Hunter was active in advocating for the deaf and blind communities throughout his lifetime. He served as the vice-president of the Institute for Deaf and Blind Children and as honorary treasurer of the Blinded Servicemen's Club. He was responsible for legislation in 1944 which made the education of deaf and blind children compulsory; upon his death, a number of MLAs spoke of his efforts to ensure that the deaf and blind were treated as ordinary citizens. He was also concerned with issues of disadvantaged children, serving as chairman of the Society for Providing Homes for Neglected Children, and acting as a board member and frequent supporter of a nearby orphanage. Hunter was also a strong advocate for improved parliamentary services to allow members to better represent constituents. He campaigned for increased secretarial assistance, and as a member of the Library Committee for several decades, vigorously defended the independence of the Parliamentary Library.
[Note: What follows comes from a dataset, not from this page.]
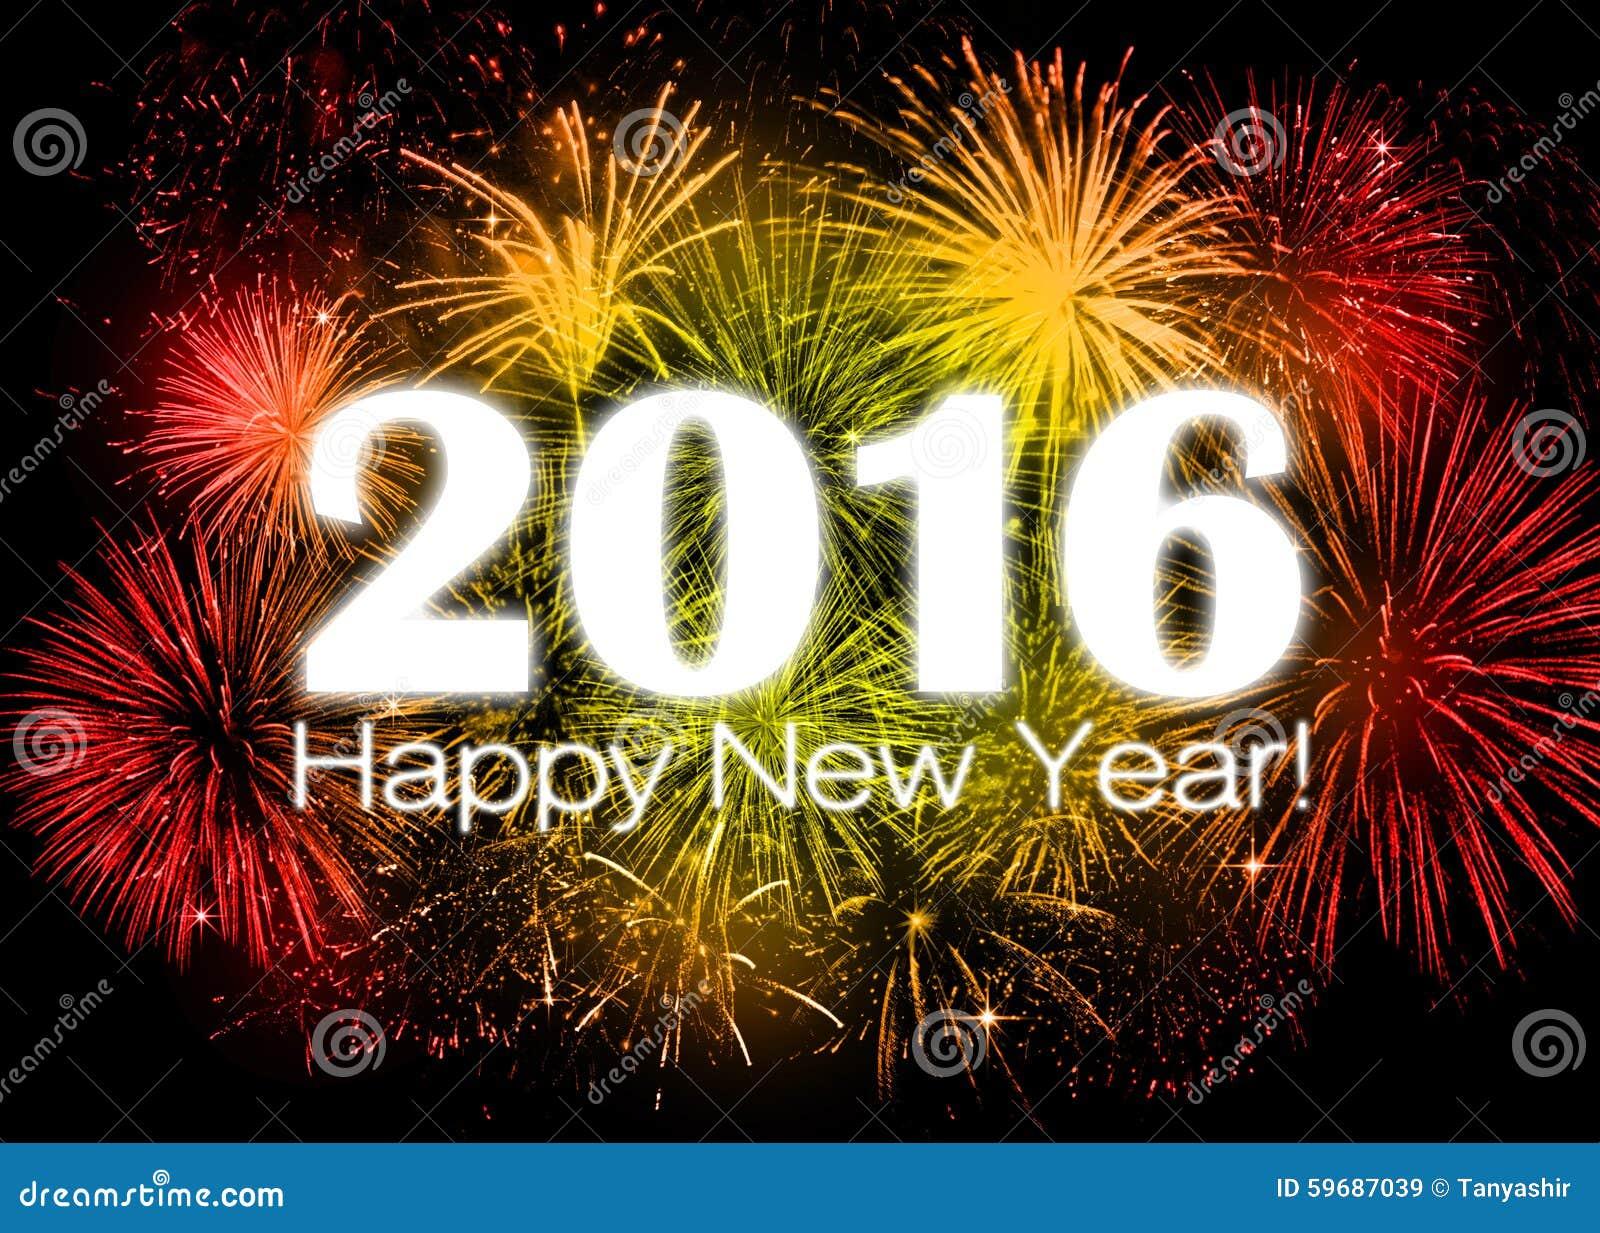 2016 Happy New Year

Hunter was highly popular in his electorate, and won thirteen consecutive elections in Croydon and its successor electorates. He ran unopposed in 1950, and easily defeated fellow UAP MLA Richard Murden in 1959 when their seats were merged in an electoral redistribution. He was only forced to preferences twice; at his last two elections, in 1971 and 1973, and took 52% of the vote at his closest re-election in 1971. He retired at the 1976 election, where his seat of Ashfield was won by the Labor Party, remaining safely Labor thereafter until its abolition in 1999.

Hunter was made an Officer of the Order of British Empire (OBE) in 1975. He died in Sydney in 1981.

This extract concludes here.